S’activer sans
cesse, quel écueil ! A l’heure où nous ne lâchons plus nos téléphones, où
nous vivons rivés aux écrans où les informations défilent, où se trouve le
repos? Ménageons-nous des répits. Prenons le temps d’être, conseillent
quelques sages.
Chaque année,
l’écrivain Jean-Claude Carrière ouvre son nouvel agenda au hasard et barre
une dizaine de journées, réparties au fil des mois. Il ne fixera aucun
rendez- vous à ces dates, raconte à son sujet un autre écrivain philosophe
Frédéric Lenoir. “Ce sont des plages de temps qui lui appartiennent,
vingt-quatre heures durant lesquelles il peut dormir, lire, flâner, se
retrouver face à lui-même, placer ses obligations entre parenthèses”(1). De
véritables journées cadeaux à lui-même, de vraies vacances où l’occupation
sera “inutile, futile, simple, légère, non programmée, sans but ni objectif
précis, dans la gratuité d’un moment”.
La culpabilité
pointe à l’horizon. Les soupçons de paresse ne sont pas loin. “Pourtant,
pendant que ‘nous nous ennuyons’, notre inconscient trouve de l’espace pour
travailler et les idées s’élaborent dans les recoins cachés du cerveau. Ne
rien faire, c’est accepter de réfléchir, de raisonner et de penser”: paroles
de Pierre-Henry Coûteaux, co-auteur d’“Une folle envie de ne rien
faire…”(2).

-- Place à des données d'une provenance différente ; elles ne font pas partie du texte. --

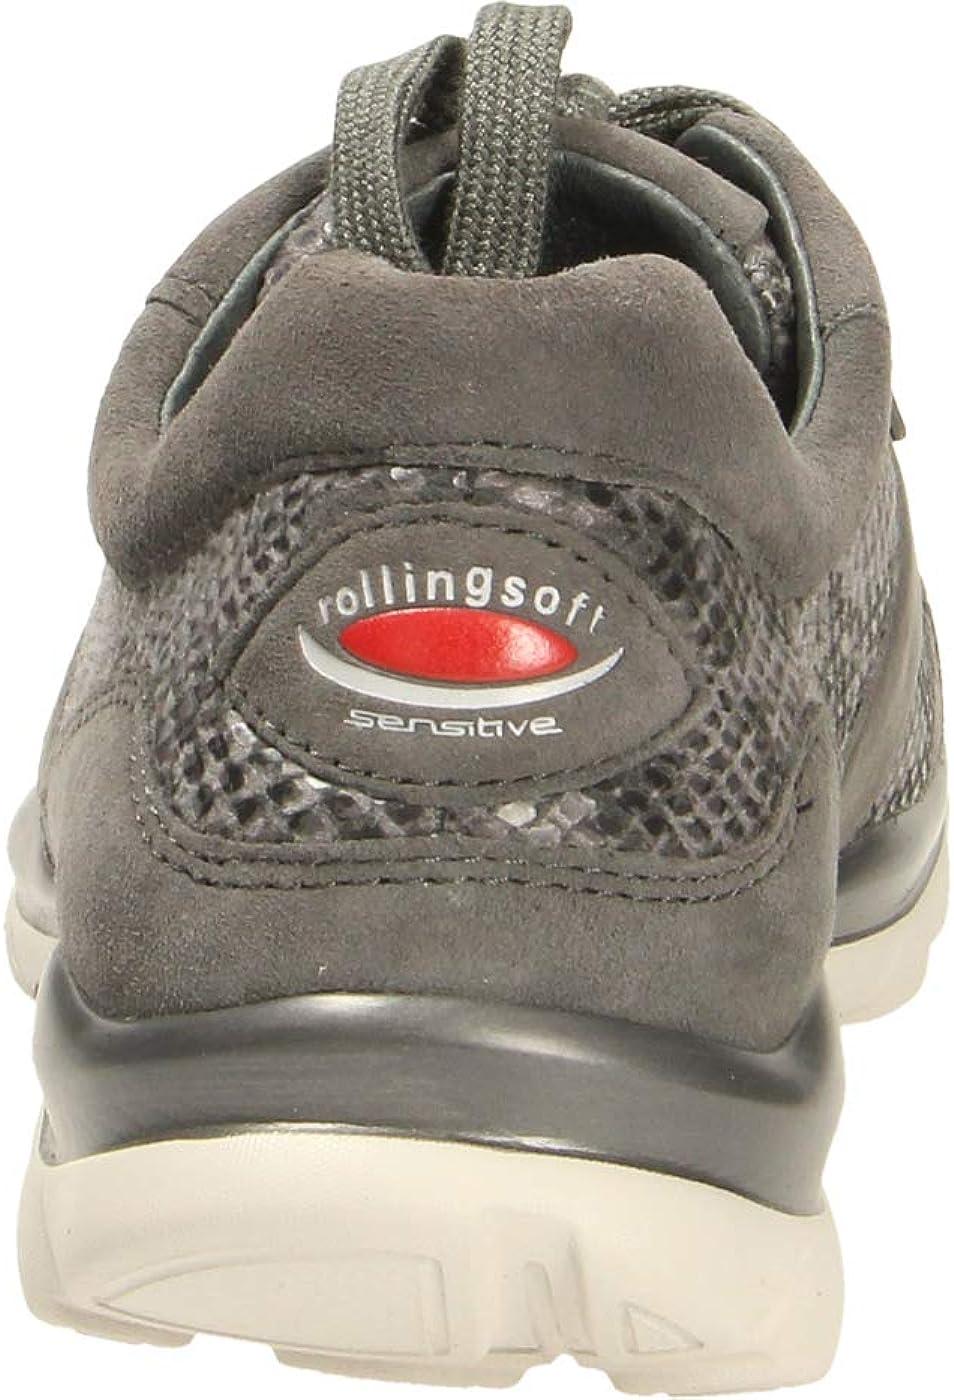 Gabor Donna Sneaker,Scarpe Sportive, Signora Basso Carbone ehp3A8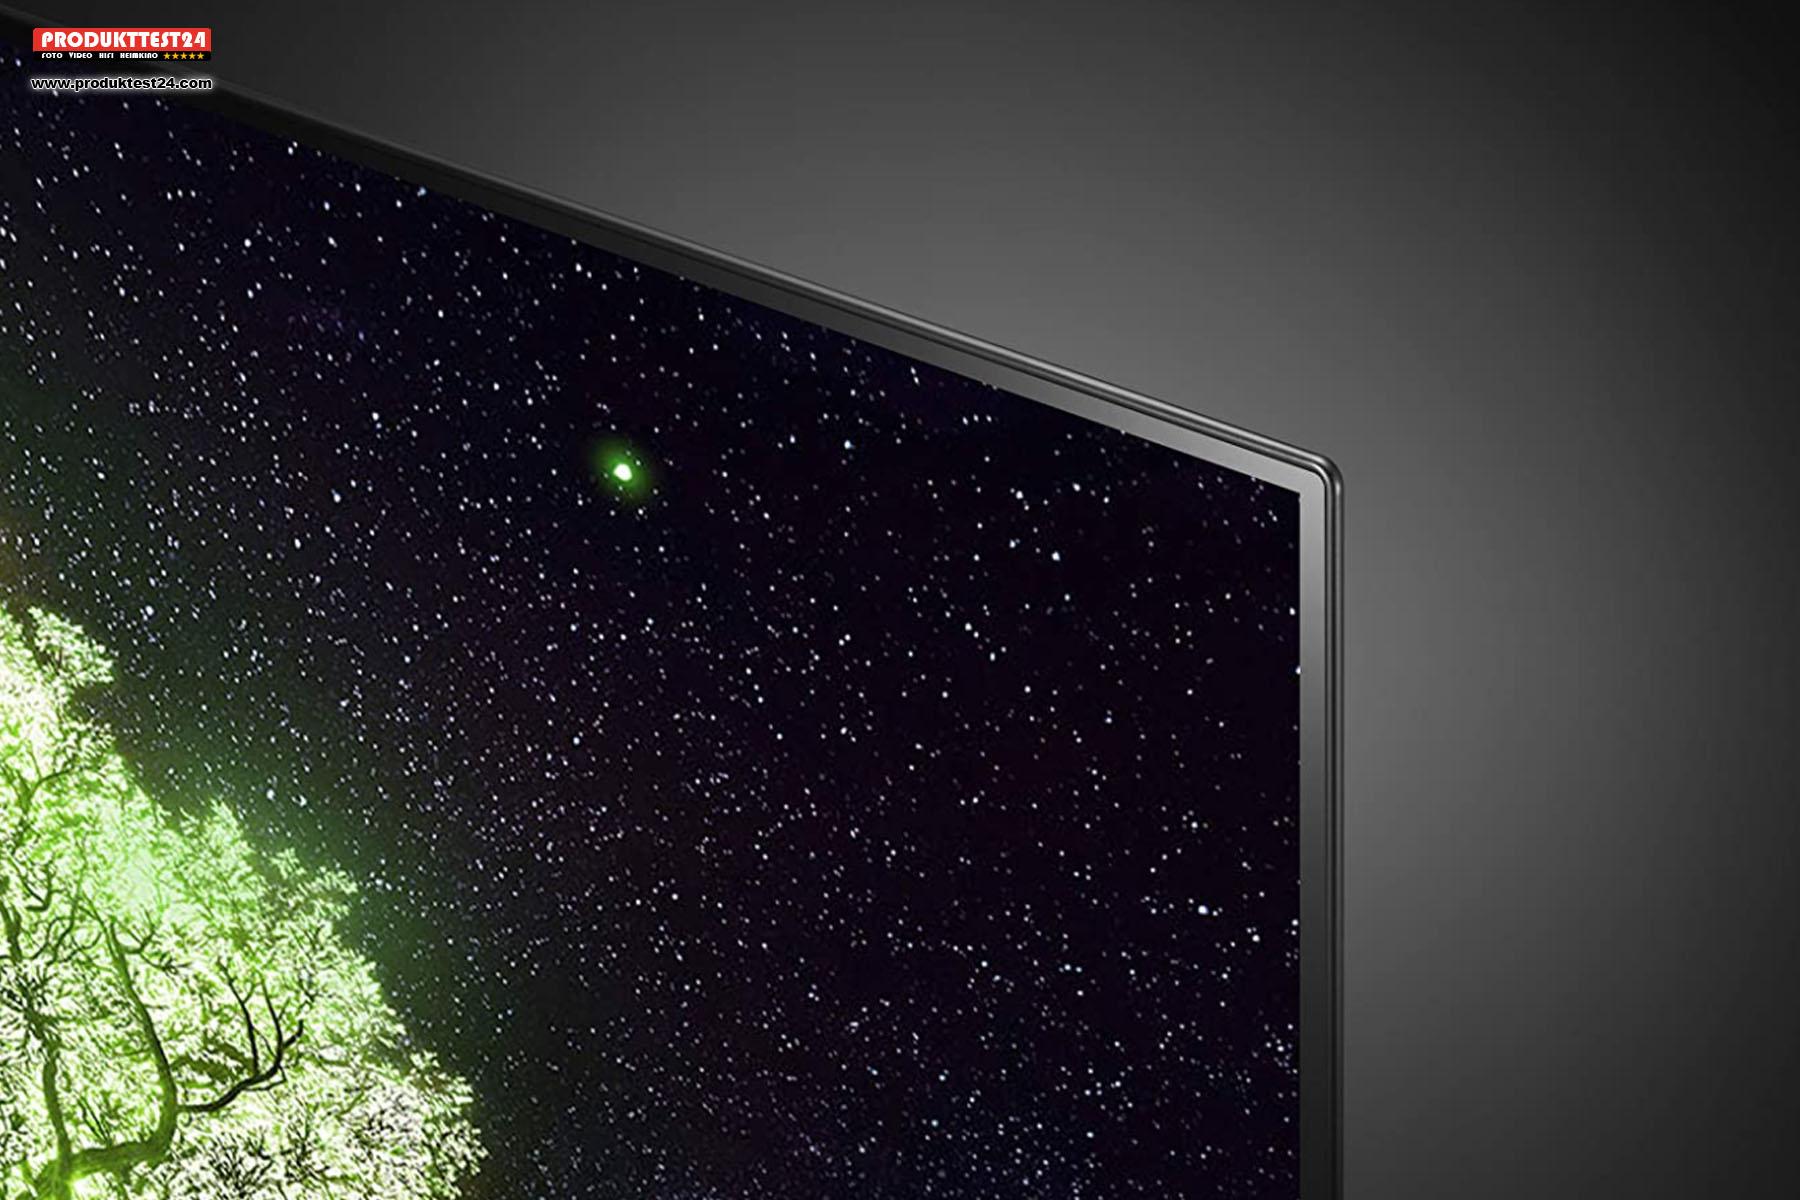 Extrem dünn - Der LG OLED65A19LA sieht schick aus

Néanmoins, précise- t-il, il y a lieu de distinguer le “ne rien
faire” créateur ou ressourçant de la procrastination, cette tendance
“pathologique” à remettre systématiquement au lendemain quelques actions.
S’accorder des
temps de répit constitue un réel effort tant l’activité – on peut même dire
l’activation – et le travail sont omniprésents. Quel effroi face à ce temps
a priori perdu ! Des voix s’élèvent pour nous affirmer le contraire : ne
rien faire – ou faire rien –, c’est aussi du temps gagné… à la faveur du
ressourcement, à se régénérer, à retrouver son enthousiasme, à ménager nos
esprits fatigués. Et il en faut du talent pour ne rien faire.